__Task input__.

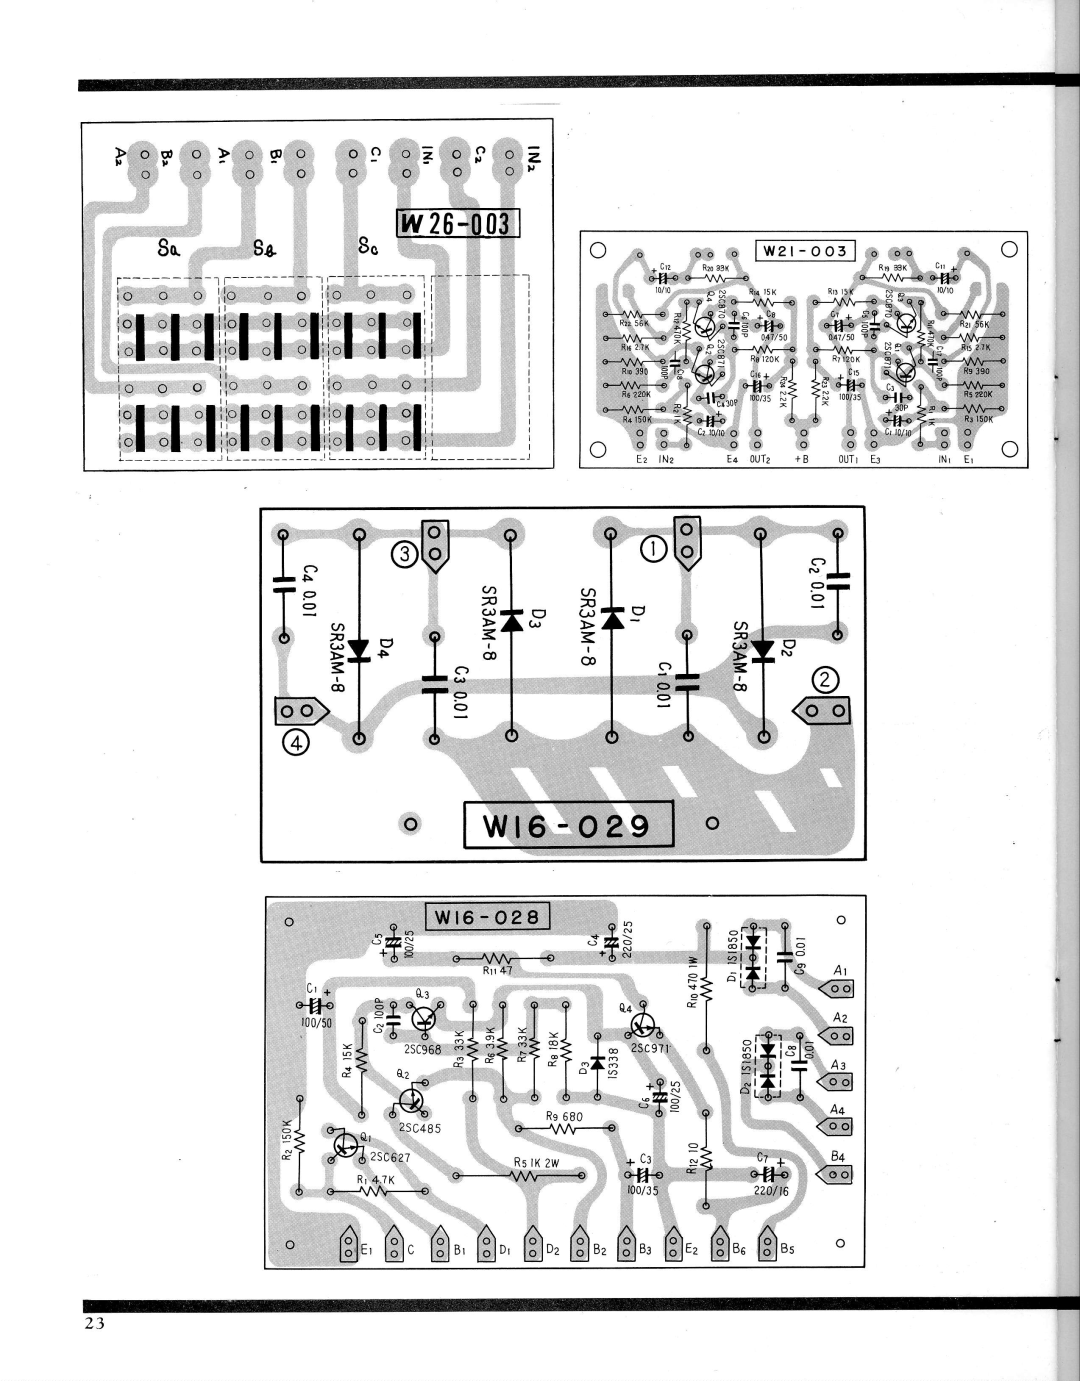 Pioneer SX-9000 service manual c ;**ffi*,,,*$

==

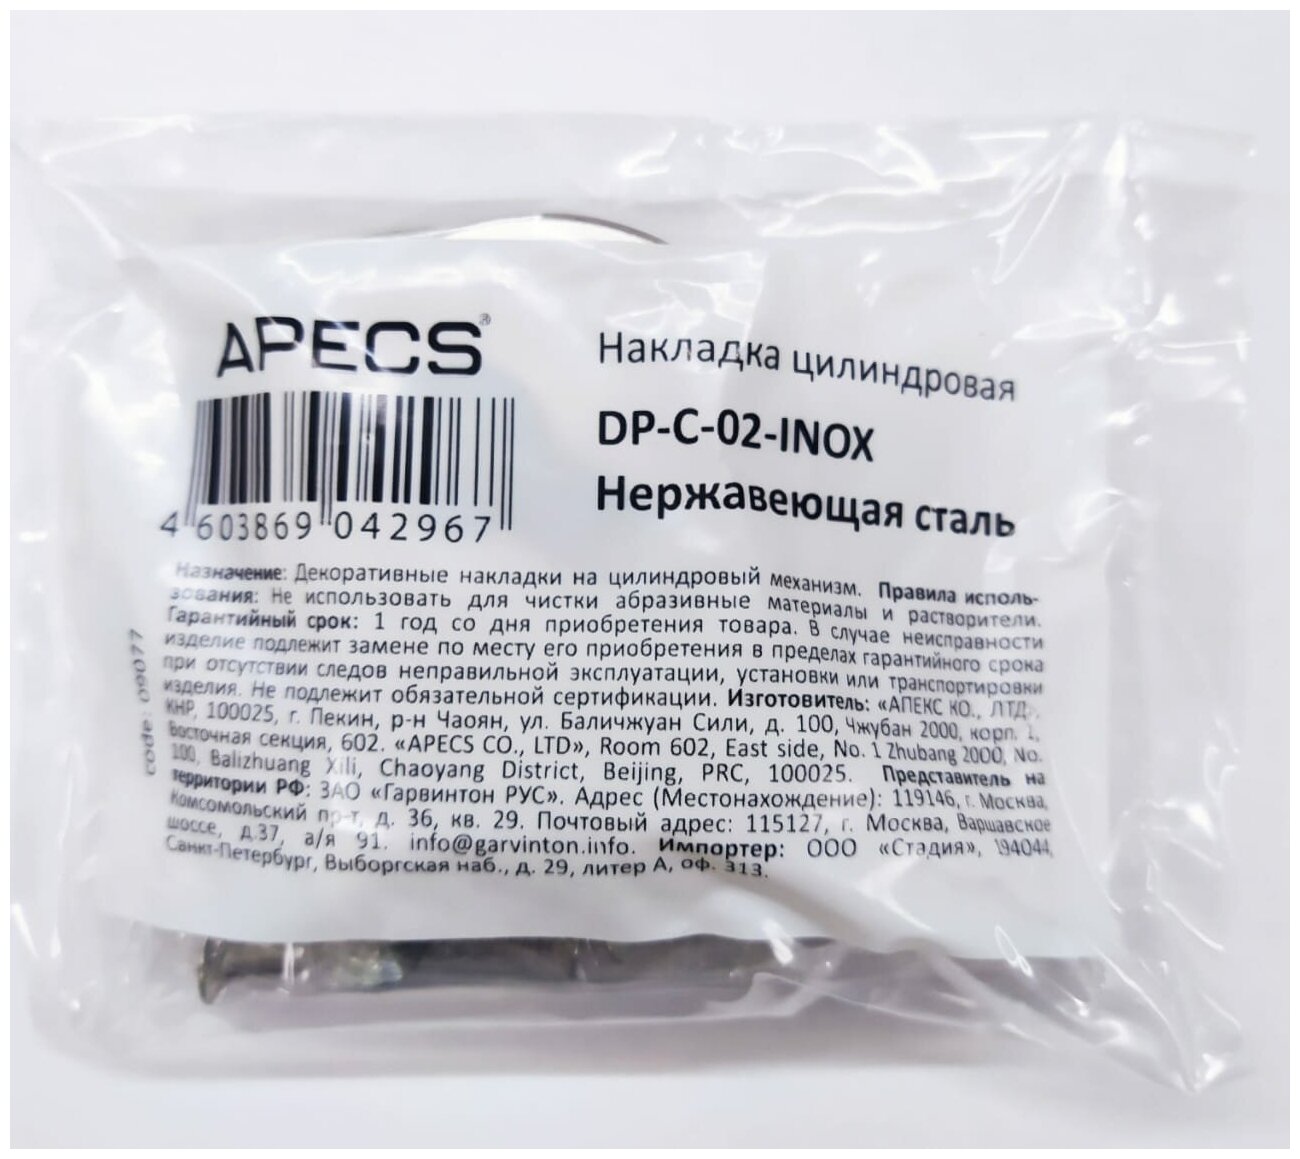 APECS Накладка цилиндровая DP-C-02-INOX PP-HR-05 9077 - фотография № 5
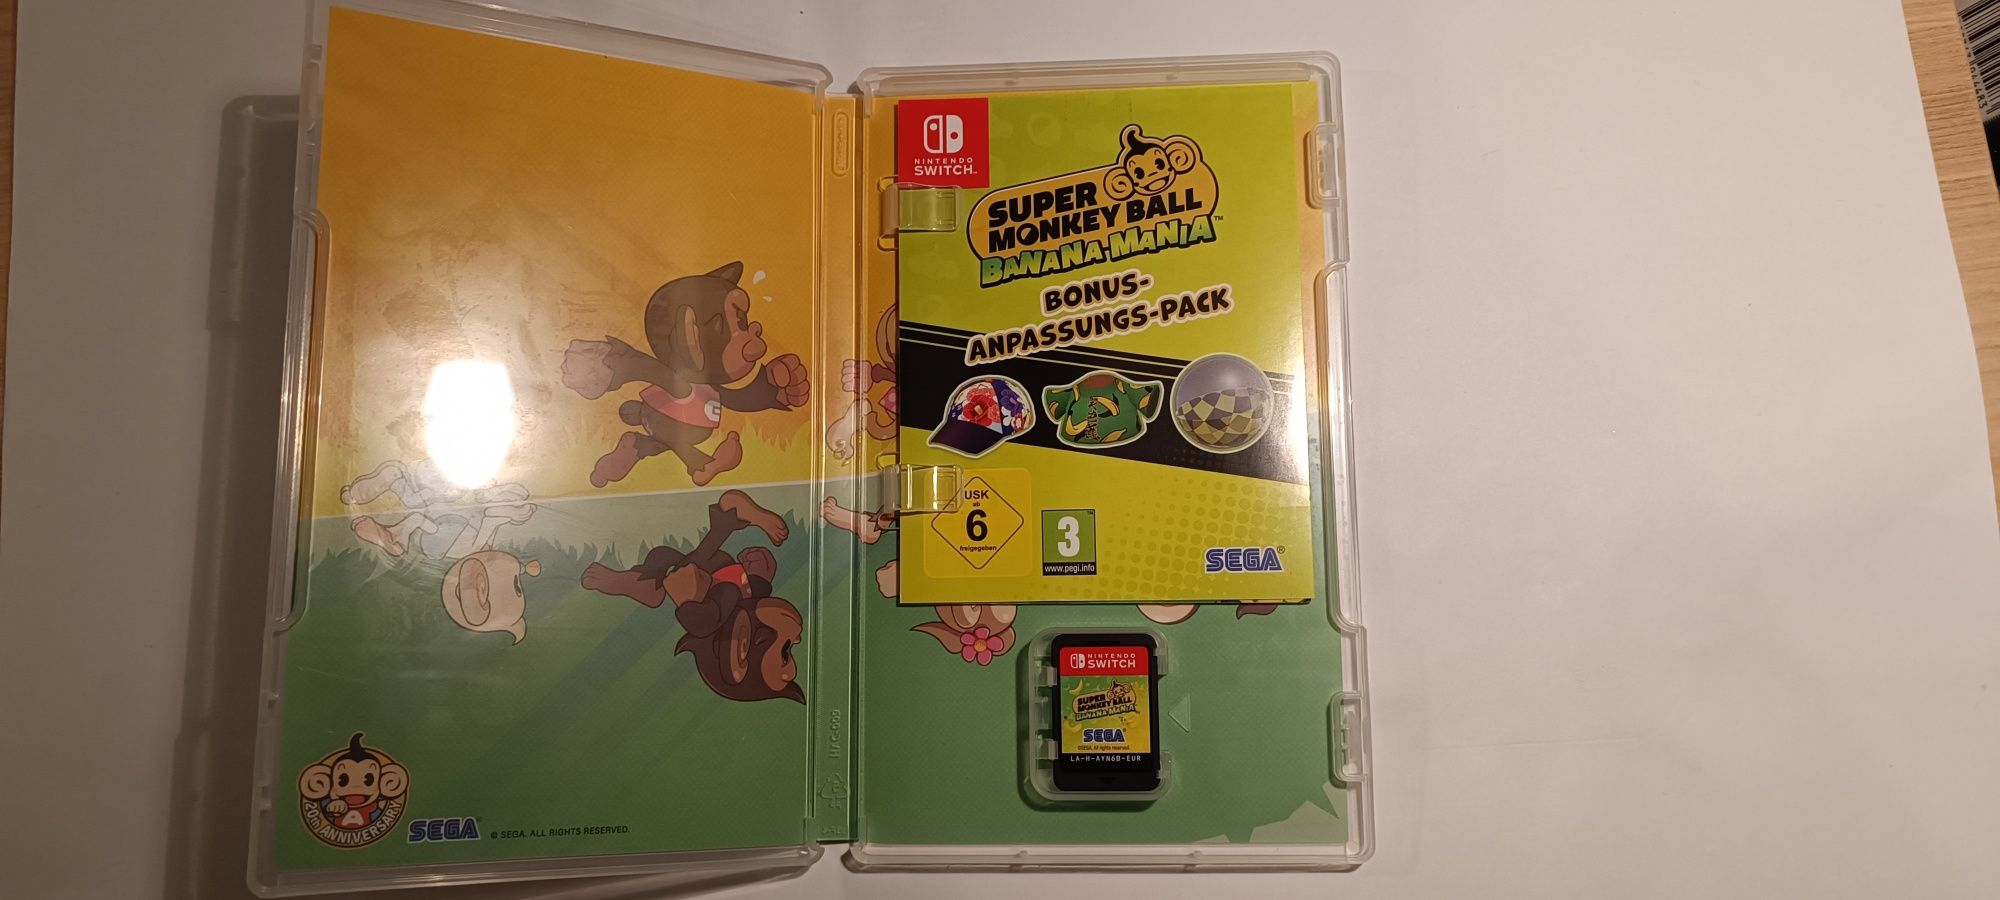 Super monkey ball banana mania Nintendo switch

==

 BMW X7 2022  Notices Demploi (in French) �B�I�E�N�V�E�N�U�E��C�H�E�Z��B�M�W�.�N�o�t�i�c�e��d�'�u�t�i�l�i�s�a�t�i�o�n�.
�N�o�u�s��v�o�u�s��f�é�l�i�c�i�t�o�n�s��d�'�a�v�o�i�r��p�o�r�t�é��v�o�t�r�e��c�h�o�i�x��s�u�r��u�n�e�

__Work instruction__. The material above holds pictures; leave them out. Repeat exactly the lines from the one containing "APECS Накладка цилиндровая" through the one containing "Super monkey ball", and nothing else.

__Answer to the exercise__.
 APECS Накладка цилиндровая DP-C-02-INOX PP-HR-05 9077 - фотография № 5
 Super monkey ball banana mania Nintendo switch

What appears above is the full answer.